======== Data block ========
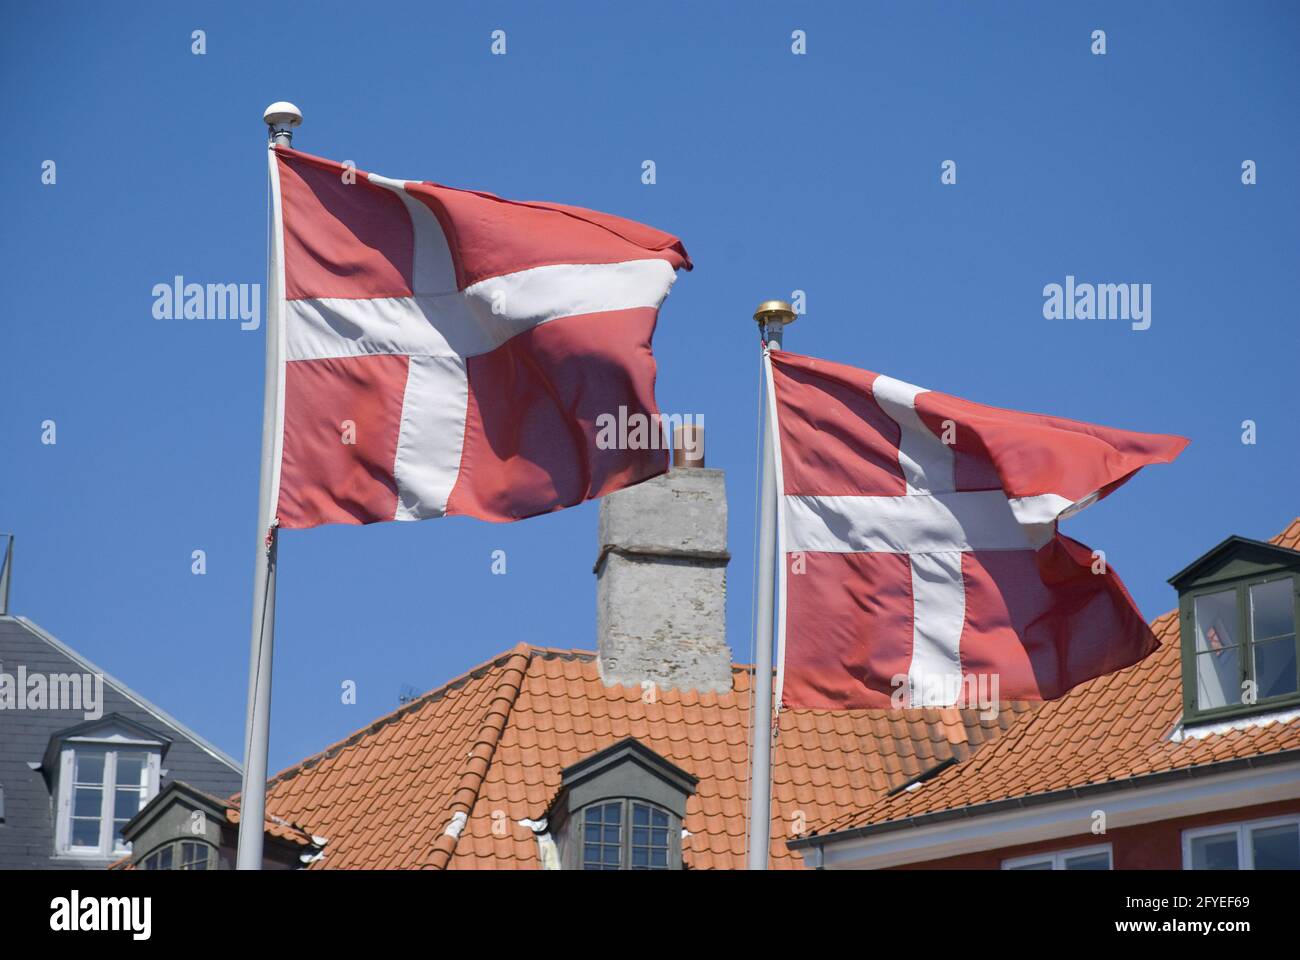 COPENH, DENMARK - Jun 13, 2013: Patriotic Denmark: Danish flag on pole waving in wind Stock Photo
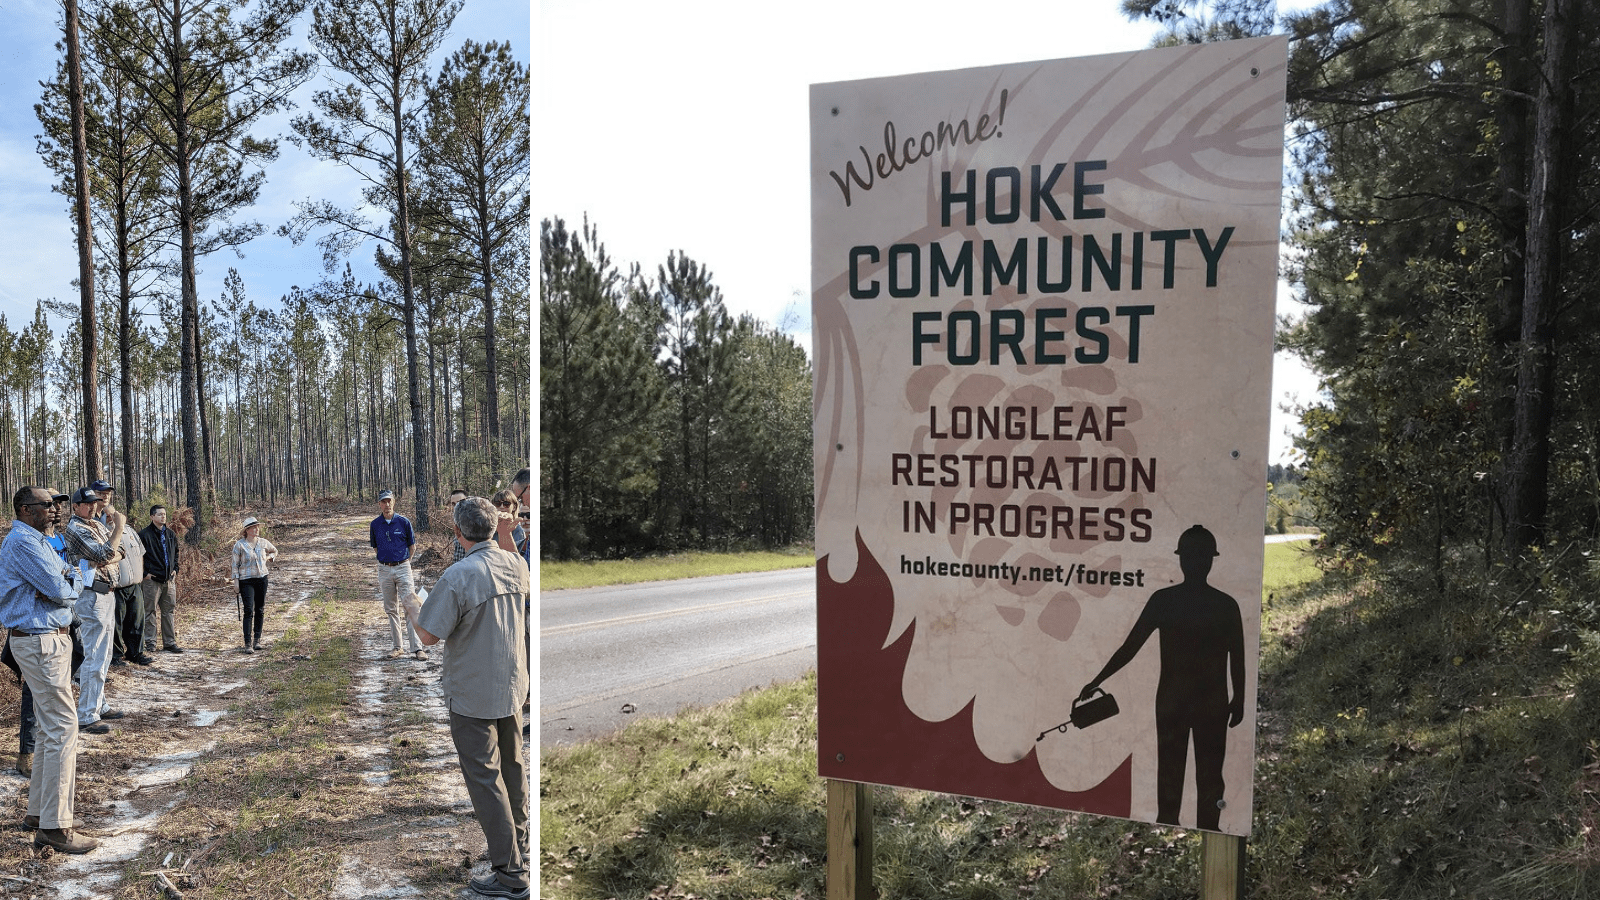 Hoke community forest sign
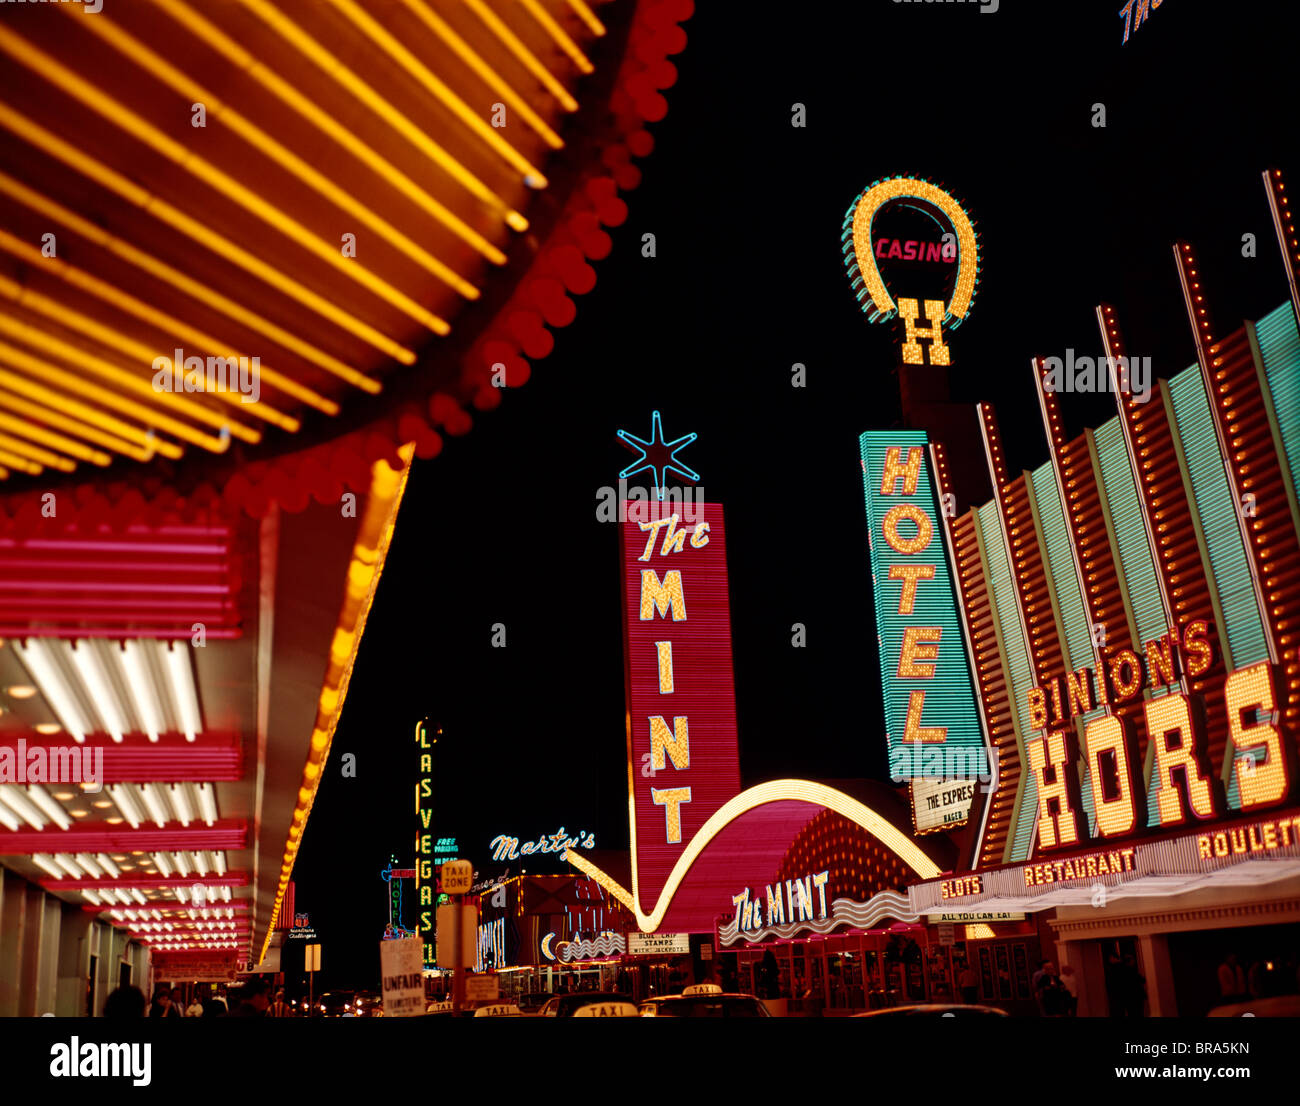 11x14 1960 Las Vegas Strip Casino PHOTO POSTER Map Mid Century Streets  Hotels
========
§ **Task requirements**
In your copy, omit the pictures and restate every line of the data word for word.

§ **Written solution**
 COPENH, DENMARK - Jun 13, 2013: Patriotic Denmark: Danish flag on pole waving in wind Stock Photo
 Hoke community forest sign
 11x14 1960 Las Vegas Strip Casino PHOTO POSTER Map Mid Century Streets  Hotels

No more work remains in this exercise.